Like all features in the knowledge.desk R bundle, fread is speedy. Extremely speedy. But there’s extra to fread than speed. It has several beneficial features and alternatives when importing exterior knowledge into R. Here are 5 of the most practical.
Notice: If you’d like to observe along, obtain the New York Situations CSV file of daily Covid-19 situations by U.S. county at https://github.com/nytimes/covid-19-knowledge/raw/learn/us-counties.csv.
Use fread’s nrows solution
Is your file large? Would you like to analyze its construction ahead of importing the whole point – without having to open it in a textual content editor or Excel?
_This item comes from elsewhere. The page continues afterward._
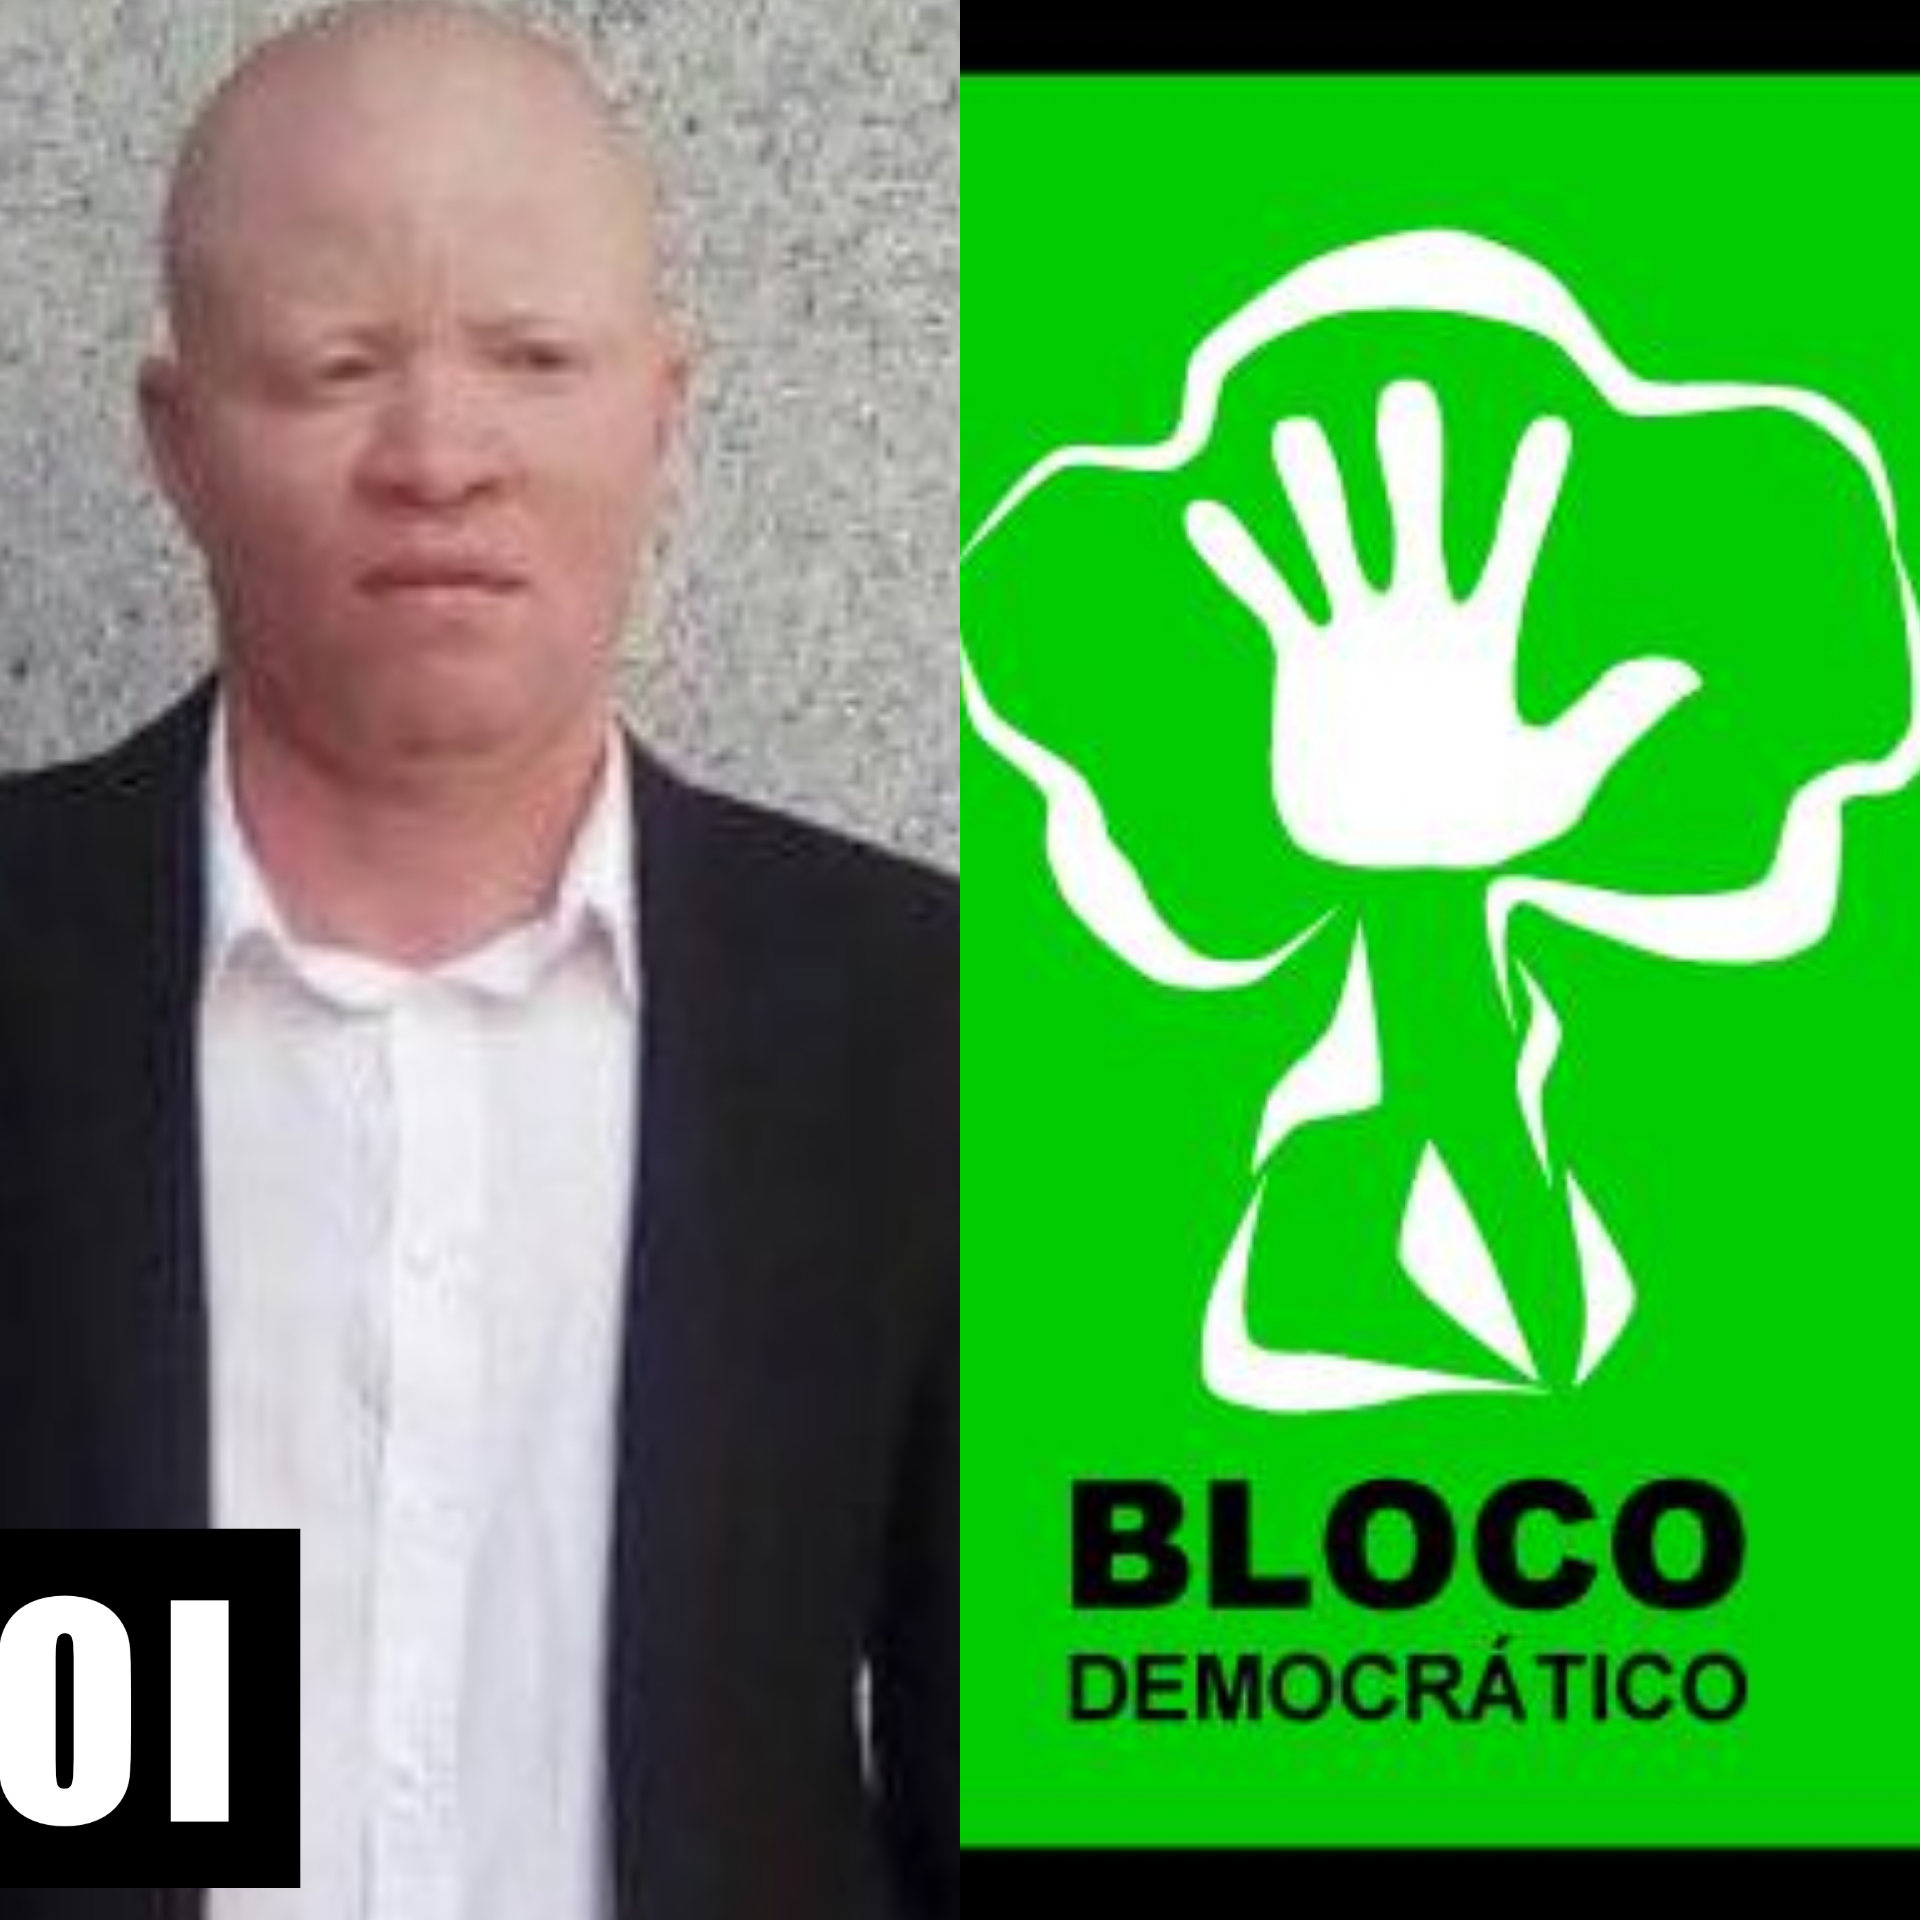 “Para além de ter sido espancado por polícias e militares, também fui vítima de abusos por ser albino”, diz secretário do BD no Kuanza-Sul

Use fread’s
nrows solution to import only a portion of a file for exploration.
The code underneath imports just the initially ten rows of the CSV.
mydt10 <- fread("us-counties.csv", nrows = 10)
If you just want to see column names without any knowledge at all, you can use
nrows = .
Use fread’s pick solution
When you know the file construction, you can pick out which columns to import. fread’s
pick solution lets you decide columns you want to continue to keep.
pick can take a vector of either column names or column-placement figures. If names, they need to be in quotation marks, like most vectors of character strings:
mydt <- fread("us-counties.csv",
pick = c("date", "county", "state", "situations"))
As constantly, figures don’t need quotation marks:
mydt <- fread("us-counties.csv", select = c(1,2,3,5))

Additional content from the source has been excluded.